All Products
Search
Document Center

OpenSearch:Text relevance ranking by pack index

Last Updated:Sep 02, 2024

Scenario description

This article primarily focuses on the application of the static_bm25 and text_relevance functions within the Vector Search Edition to calculate and rank text relevance scores during the rough and fine sort phases.

Pack index configuration

Below is a demonstration of configuring a pack index using two fields:

Initially, configure the two fields for the pack index, setting their type to text and ensuring identical analysis methods.

Next, define the index, select PACK as the index type, and include the specified fields:

Note: If the field order is set with vector_source_text first and cate_id second, maintain this sequence when configuring the pack index fields to avoid errors during save and publish operations.

Then, proceed to the advanced configuration settings of the pack index.
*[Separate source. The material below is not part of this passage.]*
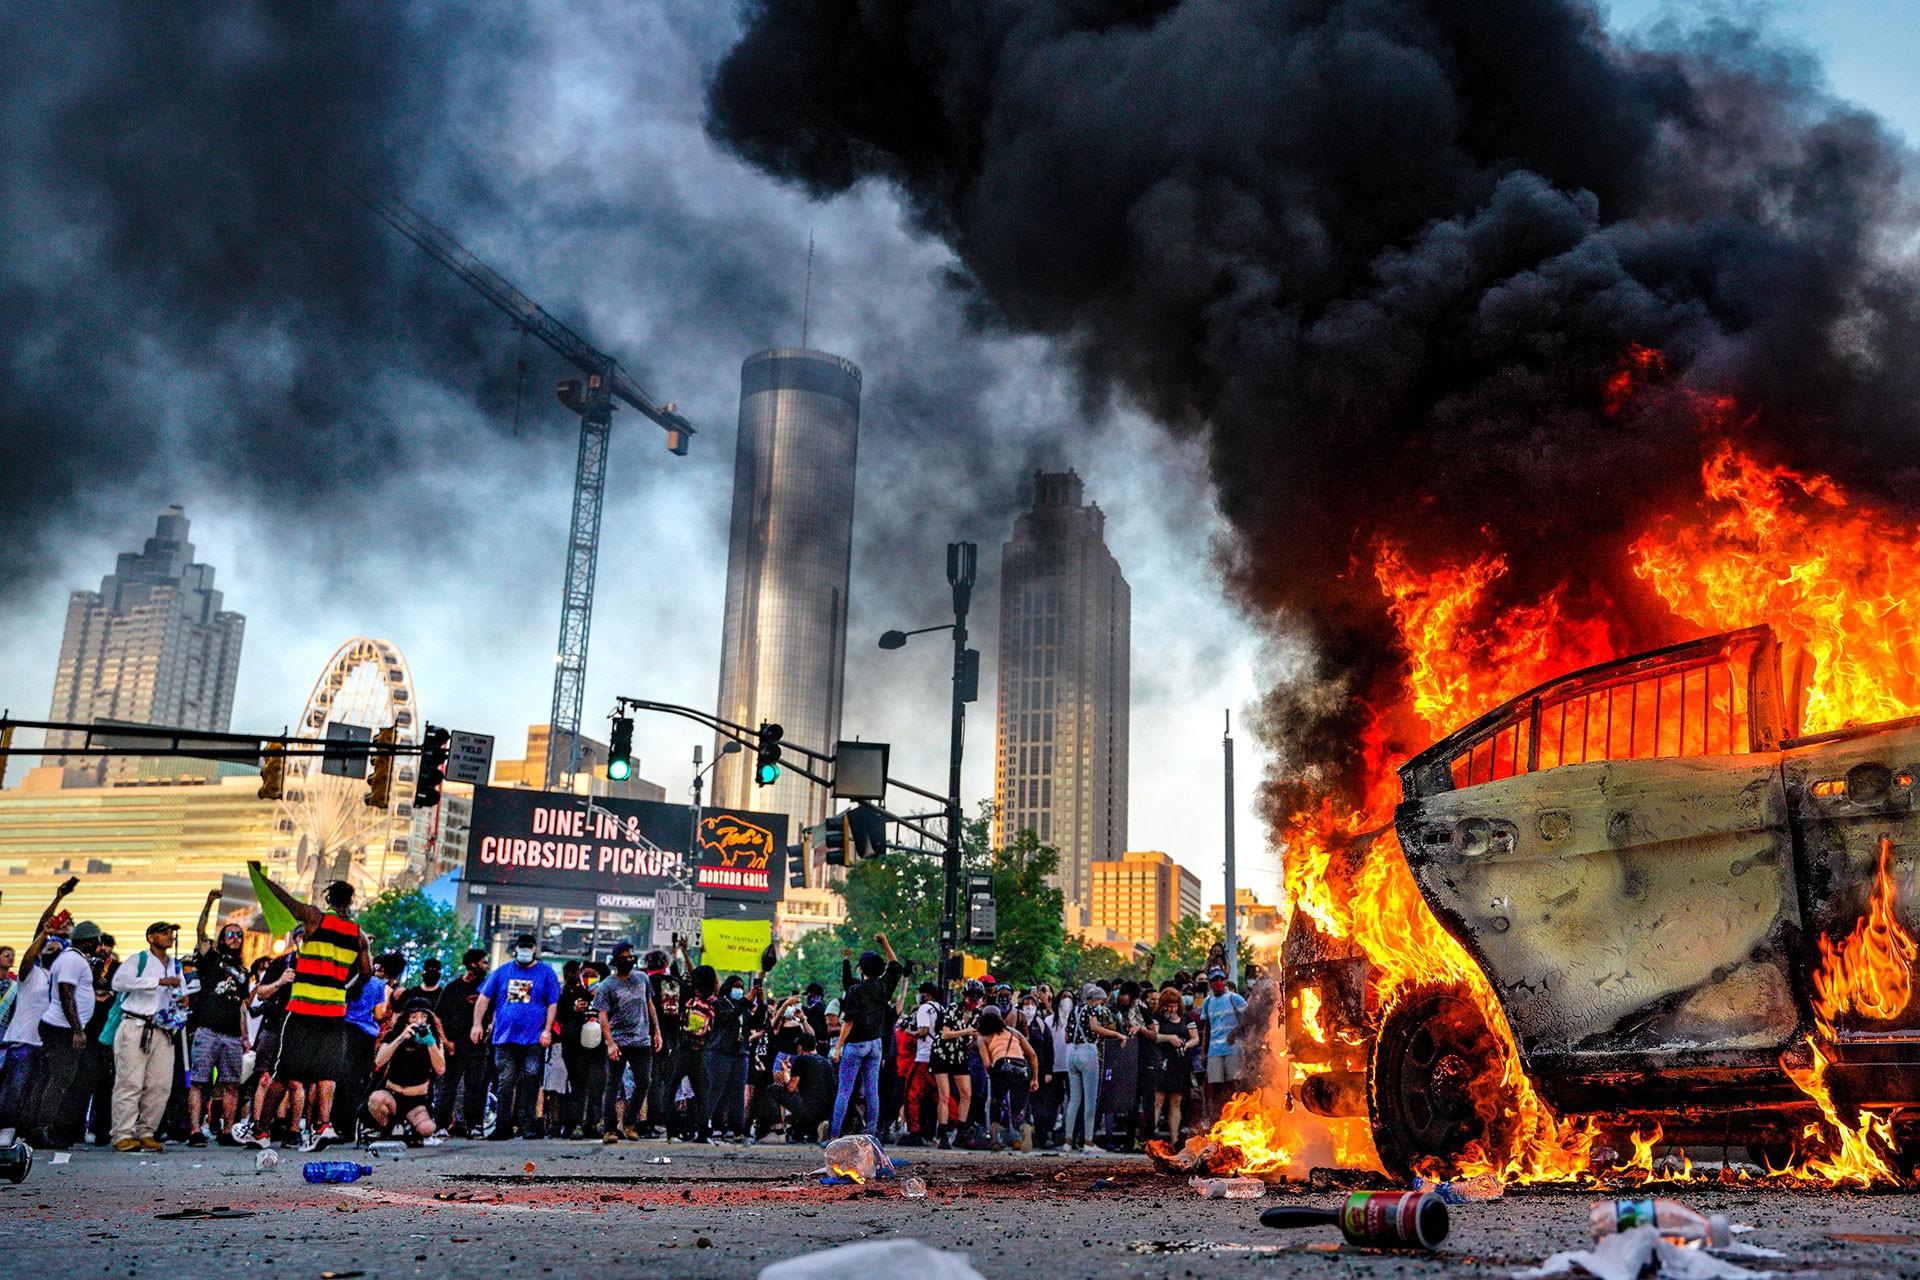 Çok sayıda kişi ırkçılığa karşı eylem yapıyor. Bir araç ateşe verilmiş.

Example of pack index configuration:

{
  "index_name": "pack_index",
  "index_type": "PACK",
  "index_fields": [
    {
      "boost": 1,
      "field_name": "vector_source_text"
    },
    {
      "boost": 1,
      "field_name": "cate_id"
    }
  ],
  "doc_payload_flag": 1,
  "has_section_attribute": true,
  "position_payload_flag": 1,
  "term_frequency_bitmap": 0,
  "position_list_flag": 1,
  "term_payload_flag": 1,
  "term_frequency_flag": 1,
  "section_attribute_config": {
    "has_field_id": true,
    "has_section_weight": true
  }
}

Query configuration

Construct your query using the following syntax:

query=pack_index:'water kettle'&&cluster=general&&config=start:0,hit:10,format:json
&&kvpairs=first_formula:static_bm25(),
formula: text_relevance(vector_source_text)&&sort=-RANK

● first_formula specifies the rough sort expression

● formula defines the fine sort expression

● sort=-RANK orders the documents by text score

To view scoring details, include rank_trace:all in the config clause:

FAQ

User feedback:

The configuration for rough sorting works correctly, but the score consistently shows 10000:

To troubleshoot, add the rank_trace:all parameter to the config:

"tracerInfo": "begin first formula trace:\nexpression[ipvuv], 
result[8819].\nexpression[ipvuv*0.1], result[881.900024].\nexpression[score], 
result[97.910000].\nexpression[score*100], 
result[9791.000000].\nexpression[score*100+ipvuv*0.1], 
result[10672.900024].\nscore [10000.000000] is larger 
than max_first_score [10000.000000], adjust it to max_first_score.\nend 
first formula trace.\n"

This occurs because the maximum score for rough sorting is capped at 10000. Any score exceeding this limit defaults to 10000.